Floppy's Domain II

GEMINI VERSION

Calculators

This will be the only page that significantly differs from the original. The original was pathetically short anyway, so I might as well put more attention into it here.

Let's start with one I never talk about, shall we?

Casio FX-300A

This is a pretty cool scientific calculator. I would guess it is form the 1980's or 1990's. It can be powered by either a battery (and which one it is I still need to figure out) or the solar panel. It is not programmable as far as I know, but it looks like it has lots of features. There appears to be some statistics functions, in addition to the obvious scientific stuff. They keys are one huge rubber pad. It has that flexible plastic with the traces and contact points inside, but the way the keys are press and make contact is actually really interesting. They keys press down onto the "plastic circuit board" (let's call it that), but even though the circuit board is folded onto itself, the depression of the key does not make the two sides of the board contact each other. Instead, the circuit board is pressed into a conductive part on the inside BACK COVER, and that is how the key press is registered.

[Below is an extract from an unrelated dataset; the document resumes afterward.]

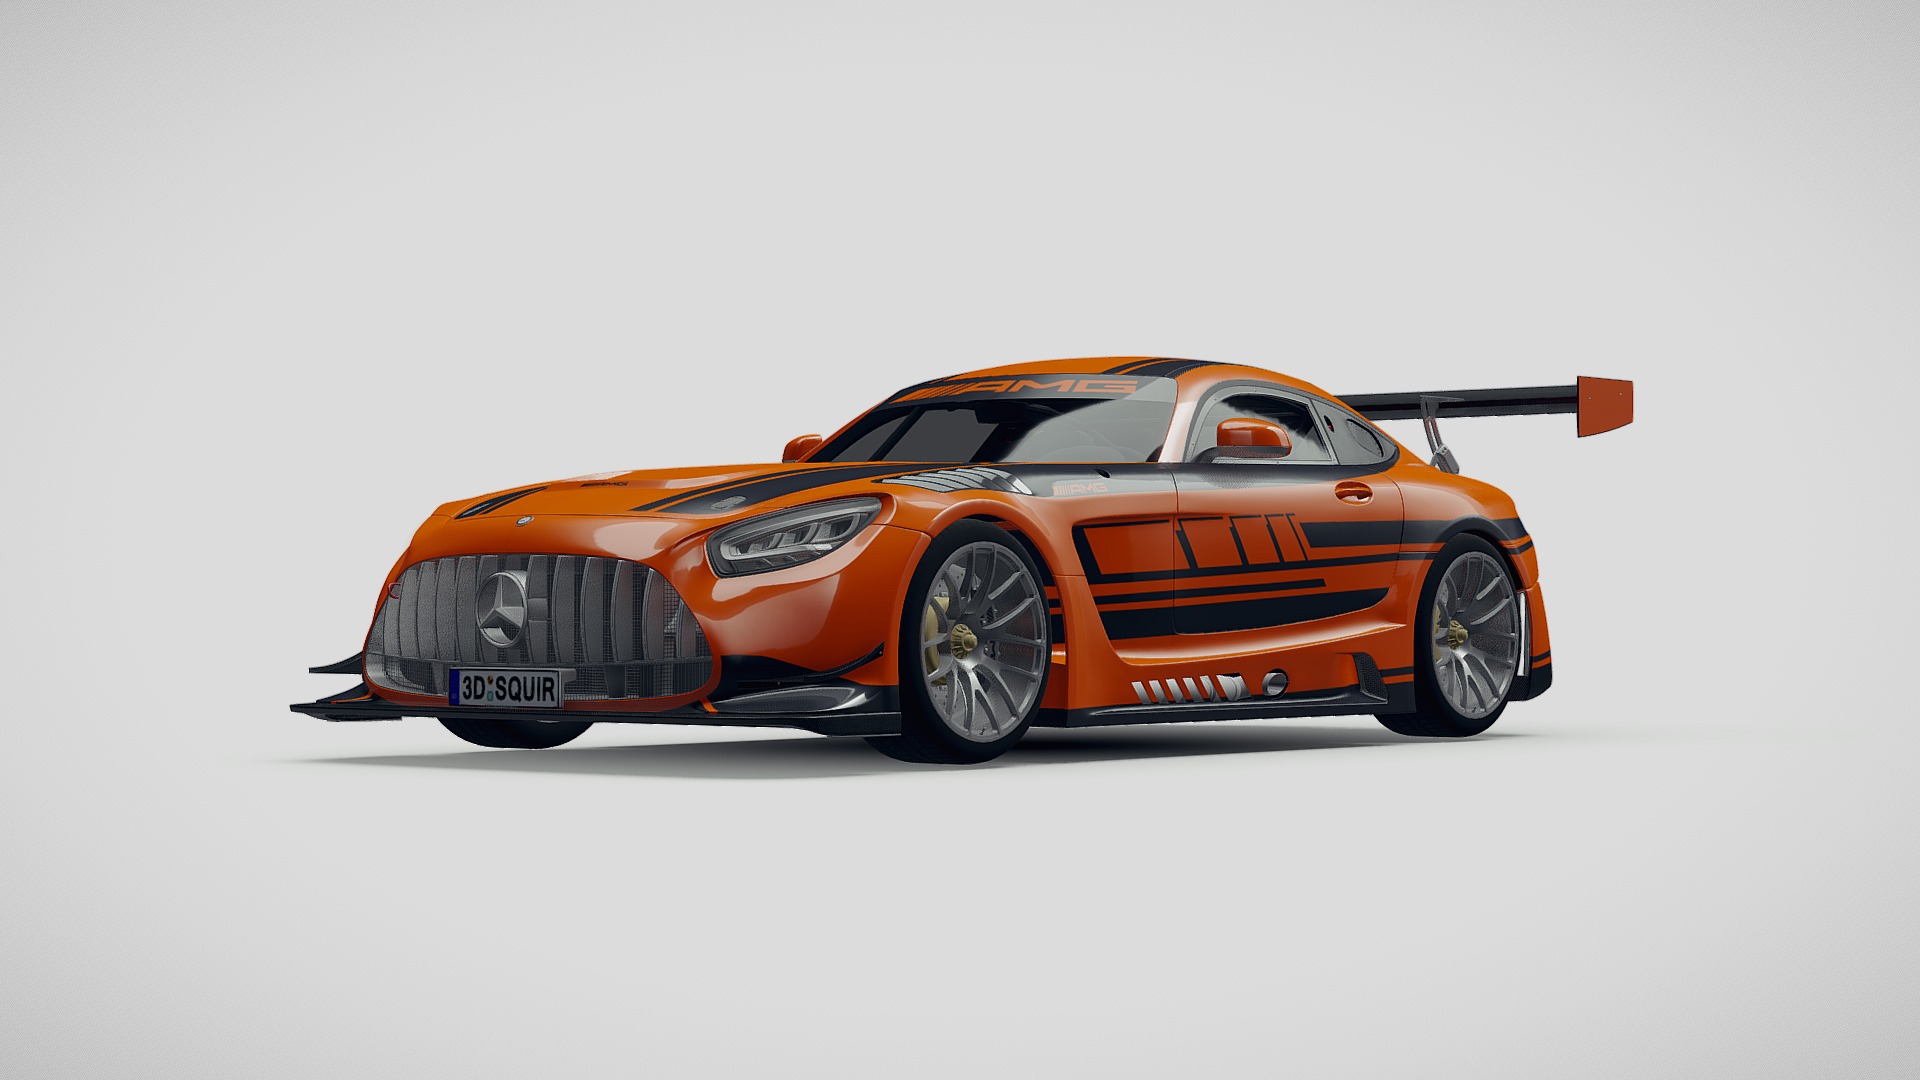 3D model Mercedes AMG GT3 2020 - This is a 3D model of the Mercedes AMG GT3 2020. The 3D model is about an orange sports car.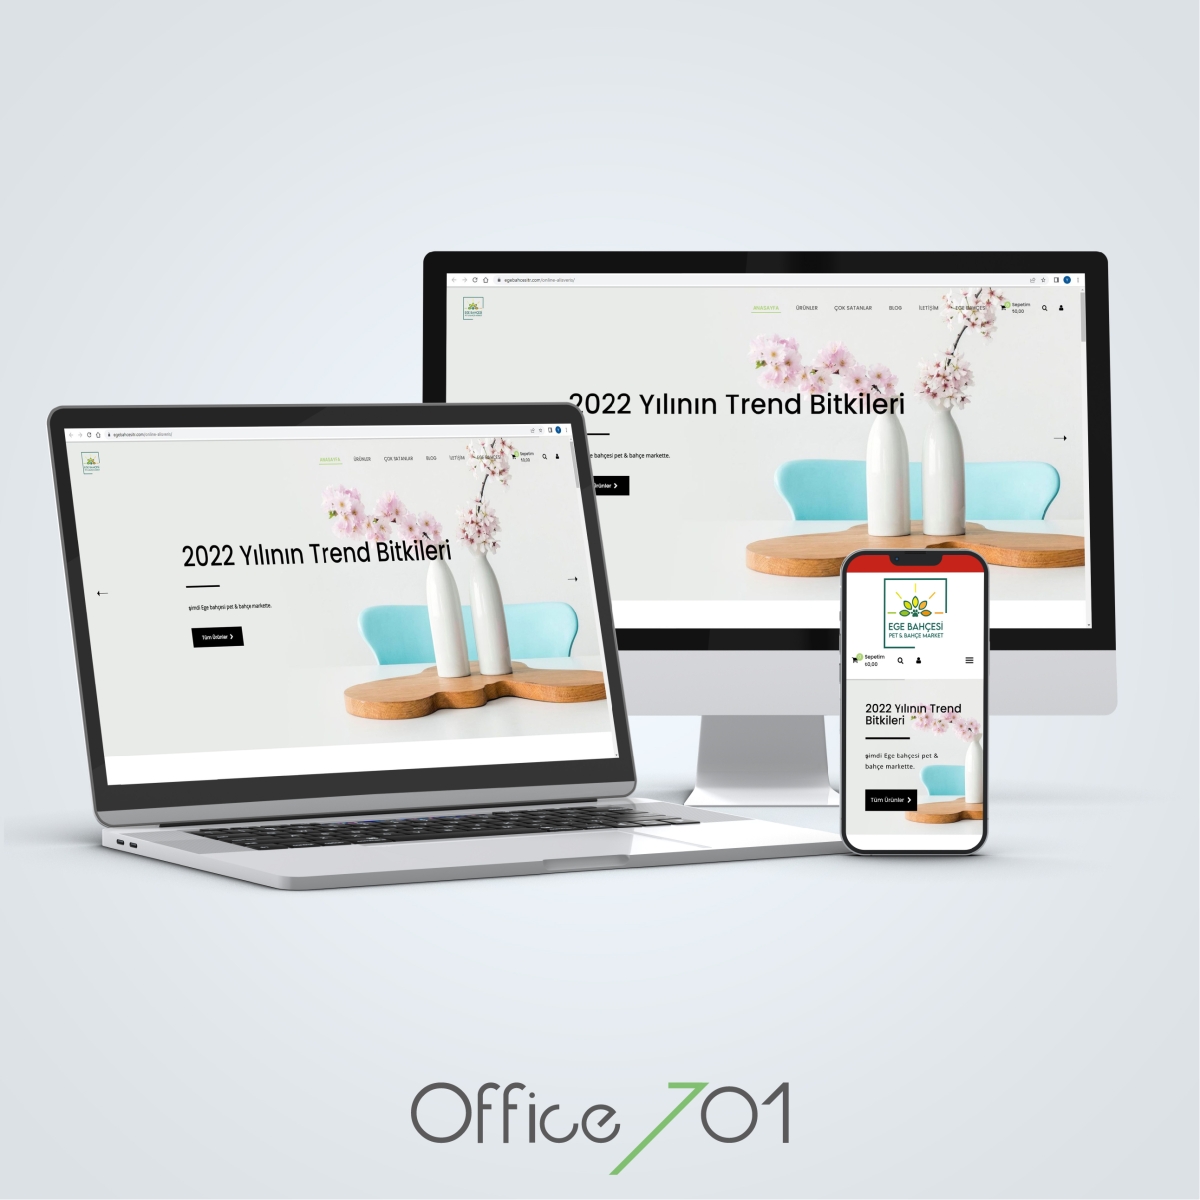 Office701 | Ege Bahçesi | Pet & Garden E-Commerce Website Design

I got this one from a thrift store a few years ago. I do not remember the price, but I would be shocked if you told me I paid $2+ for this. Some segments of the LCD did not display, but I recently "fixed" it. That same plastic circuit board connects to a tiny chip, and then the chip connects to the LCD. I simply pressed down on the connection between the chip and the other parts of the calculator to kind of force it to connect again. In the right lighting, some segments still look like they are missing, but I think that is more due to the fact that it is running entirely on solar as I am writing this and looking at it, and the lighting is not the best. If I look at it from a slightly more normal viewing angle with good lighting, it looks fine. I would guess that if I put a battery inside of it, it would look fine even with the bad viewing angle.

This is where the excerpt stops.